Stabilized weighted reduced basis methods for parametrized advection dominated problems with random inputs

TL;DR

This paper introduces stabilized weighted reduced basis methods for efficiently solving parametrized advection-dominated problems with random inputs, combining stabilization techniques with reduced basis approaches to improve accuracy and computational efficiency.

Contribution

It develops a novel integration of stabilized reduced basis methods with weighted reduced basis techniques for stochastic problems, including a selective online stabilization strategy.

Findings

Effective reduction of computational costs

High accuracy maintained with online stabilization

Successful application to heat transfer problems

Abstract

In this work, we propose viable and efficient strategies for stabilized parametrized advection dominated problems, with random inputs.
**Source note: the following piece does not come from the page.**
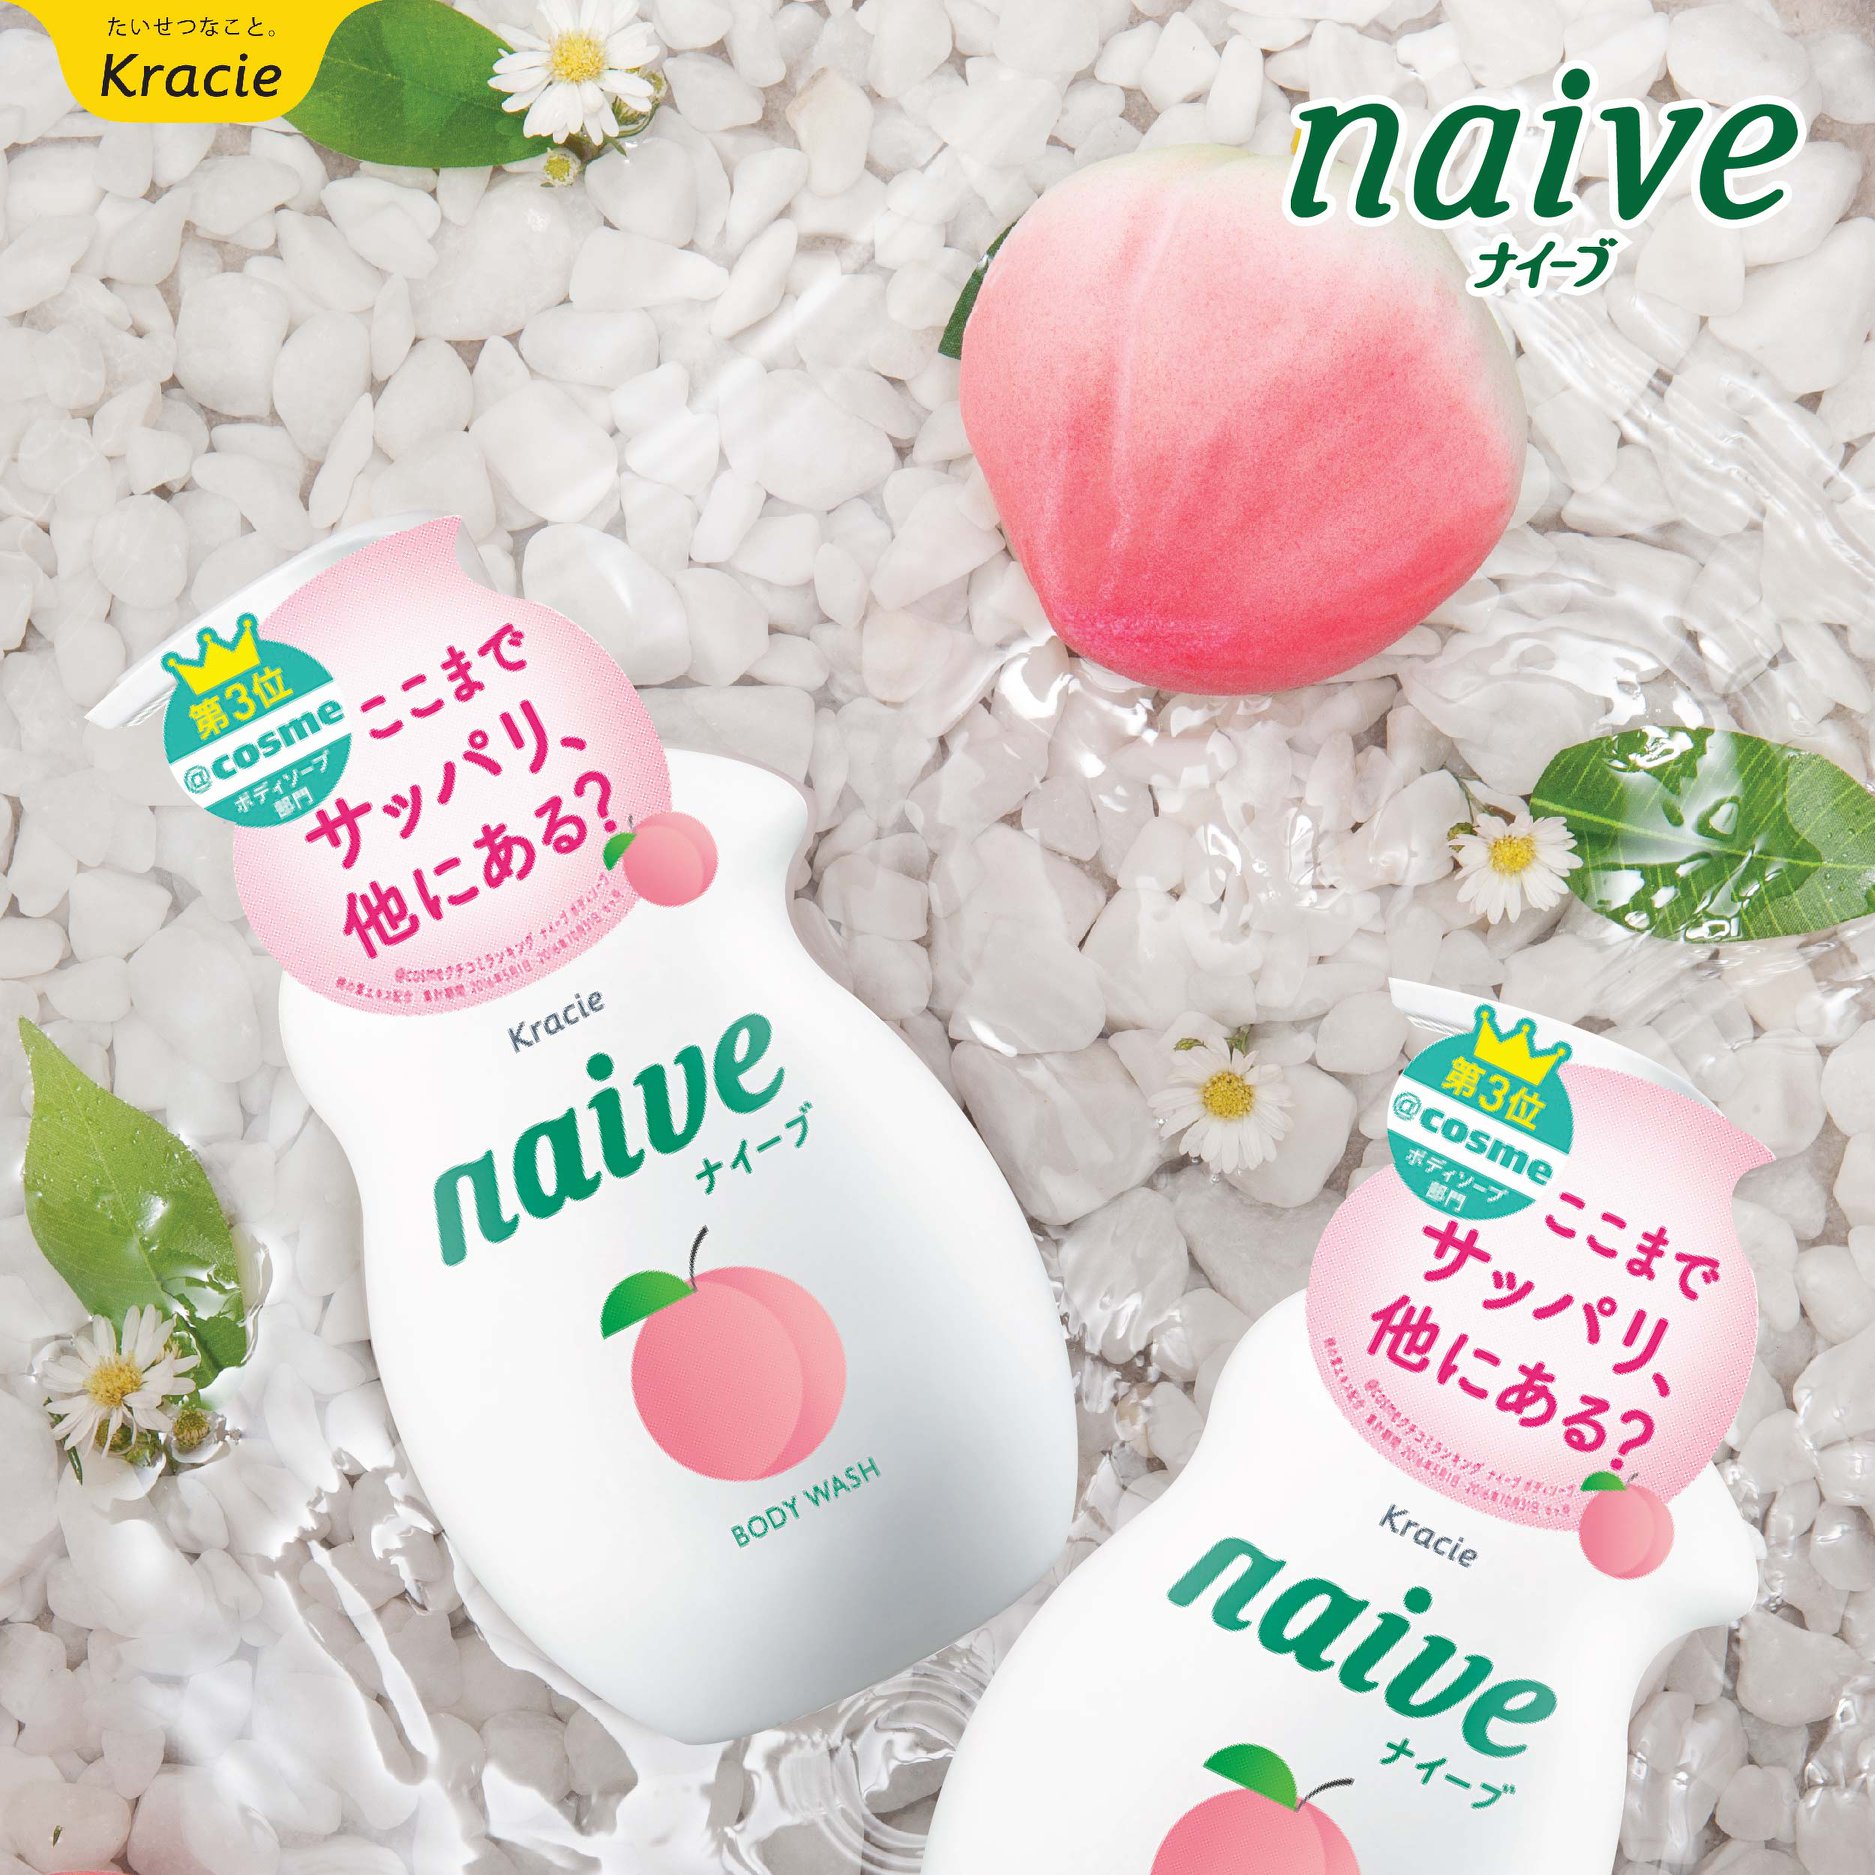 Sữa Tắm Chiết Xuất Từ Lá Đào Kracie Naive Body Wash( Peach Leaf) 530ml
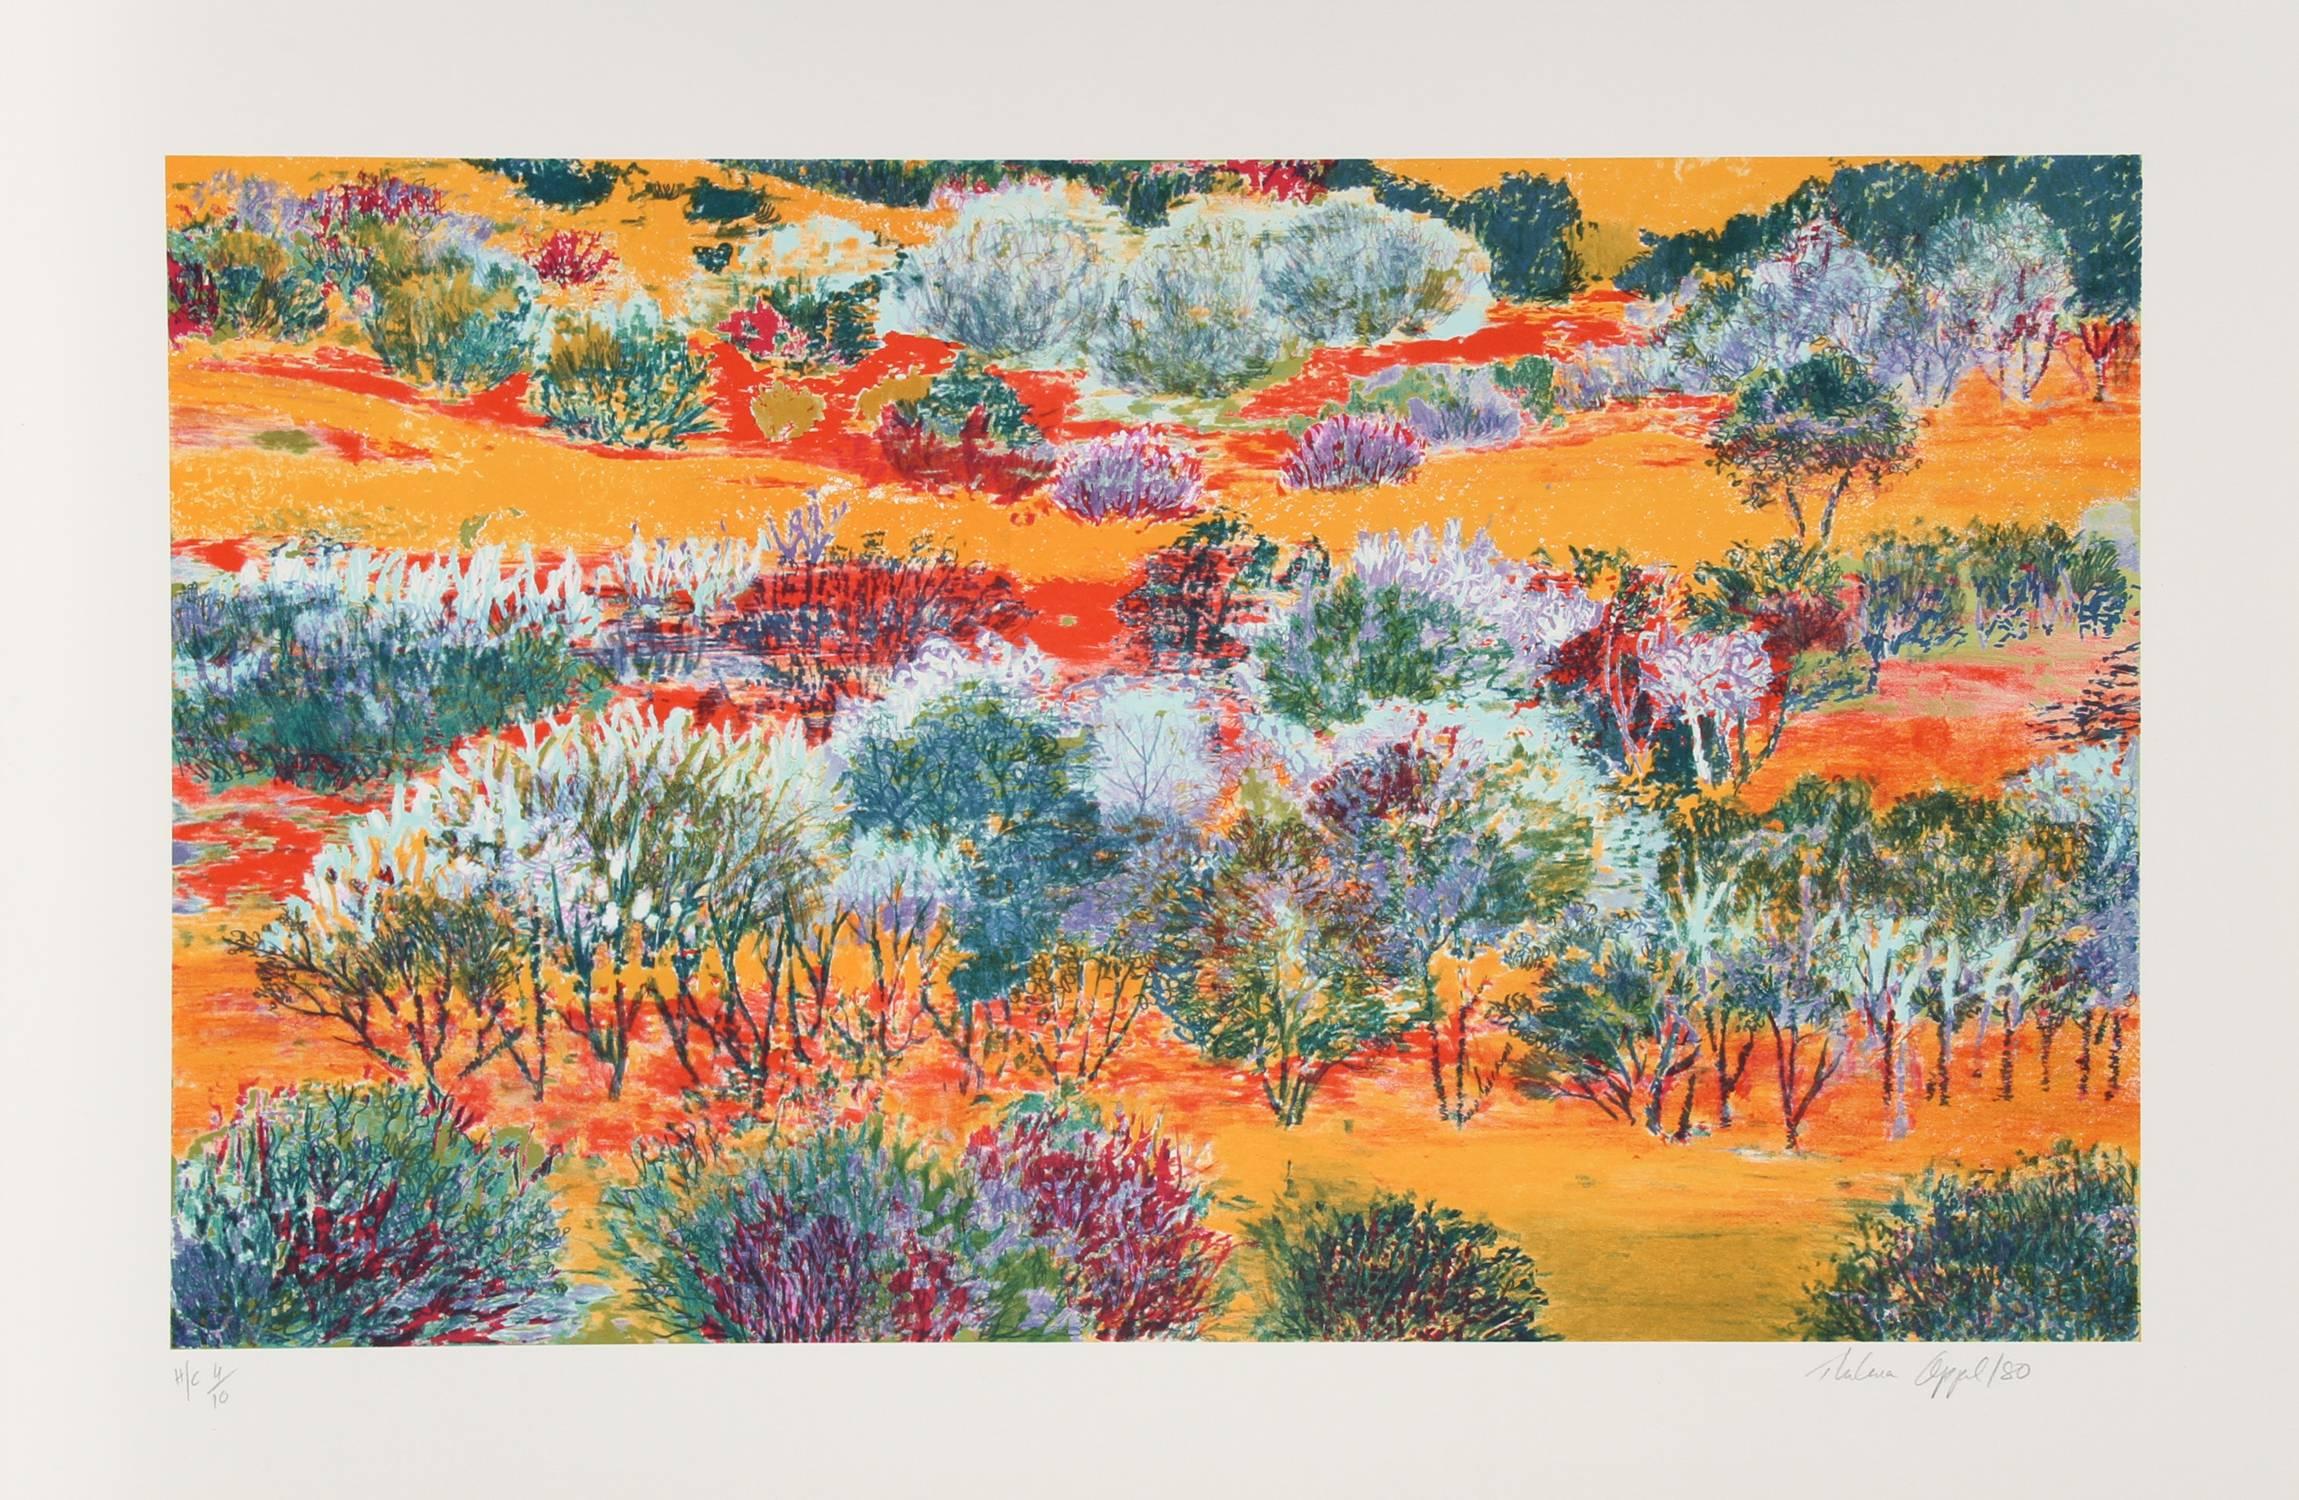 Thelma Appel Landscape Print – Waloomsac Wood II

In particular, we investigate the combination of wRB (weighted reduced basis) method for stochastic parametrized problems with stabilized reduced basis method, which is the integration of classical stabilization methods (SUPG, in our case) in the Offline--Online structure of the RB method. Moreover, we introduce a reduction method that selectively enables online stabilization; this leads to a sensible reduction of computational costs, while keeping a very good accuracy with respect to high fidelity solutions. We present numerical test cases to assess the performance of the proposed methods in steady and unsteady problems related to heat transfer phenomena.